Q1 2025 earnings summary

6 Jun, 2025

Executive summary

  • Revenue declined 4.9% year-over-year to €243.6m, mainly due to weaker semiconductor sector demand.

  • EBITDA fell 18.6% to €36.2m, with margin at 14.9% (prior year: 17.4%).

  • Order intake dropped 15.5% to €204.6m; book-to-bill ratio at 0.84 (prior year: 0.94).

  • Free cash flow improved 48.5% to €28.9m; equity ratio rose to 57.7%.

  • Streamlined organizational structure implemented in 2024/2025 to enhance customer focus and efficiency.

Financial highlights

  • Revenue for Q1 2025 was €243.6m, down 4.9% year-over-year; 72.7% of revenue generated abroad.

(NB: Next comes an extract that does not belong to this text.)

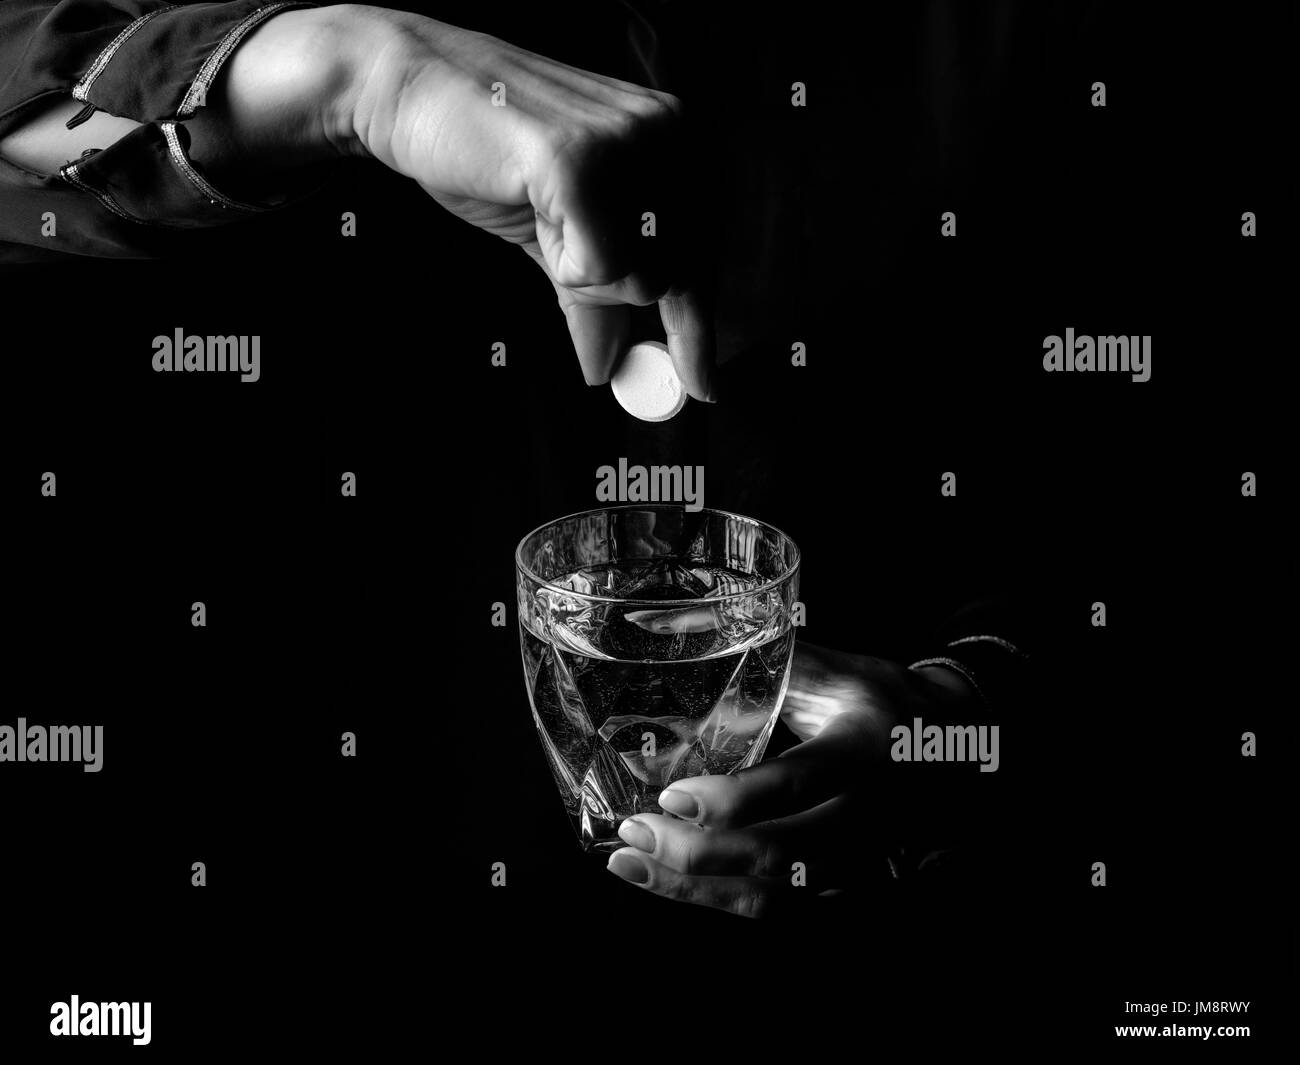 Black Mania. female hands isolated on black background showing effervescent tablet and glass of water Stock Photo

  • EBIT dropped 35% to €16.9m; EBIT margin reduced to 6.9% (prior year: 10.2%).

  • Earnings after tax decreased 40.4% to €9.2m; EPS at €0.16 (down 40.7%).

  • Operating cash flow rose to €45.1m (prior year: €32.3m).

  • Net debt reduced to €382.2m from €395.5m at year-end 2024.

Outlook and guidance

  • Revenue for 2025 expected to be at prior-year level (+/-5%), with EBITDA margin between 18.0% and 21.0%.

  • Capital expenditure for 2025 forecasted significantly below 2024's €114.6m.

  • Upturn in semiconductor equipment industry anticipated in H2 2025, but risks from tariffs and global uncertainty remain.

  • Outlook reflects high market uncertainties, including tariff discussions and geopolitical risks.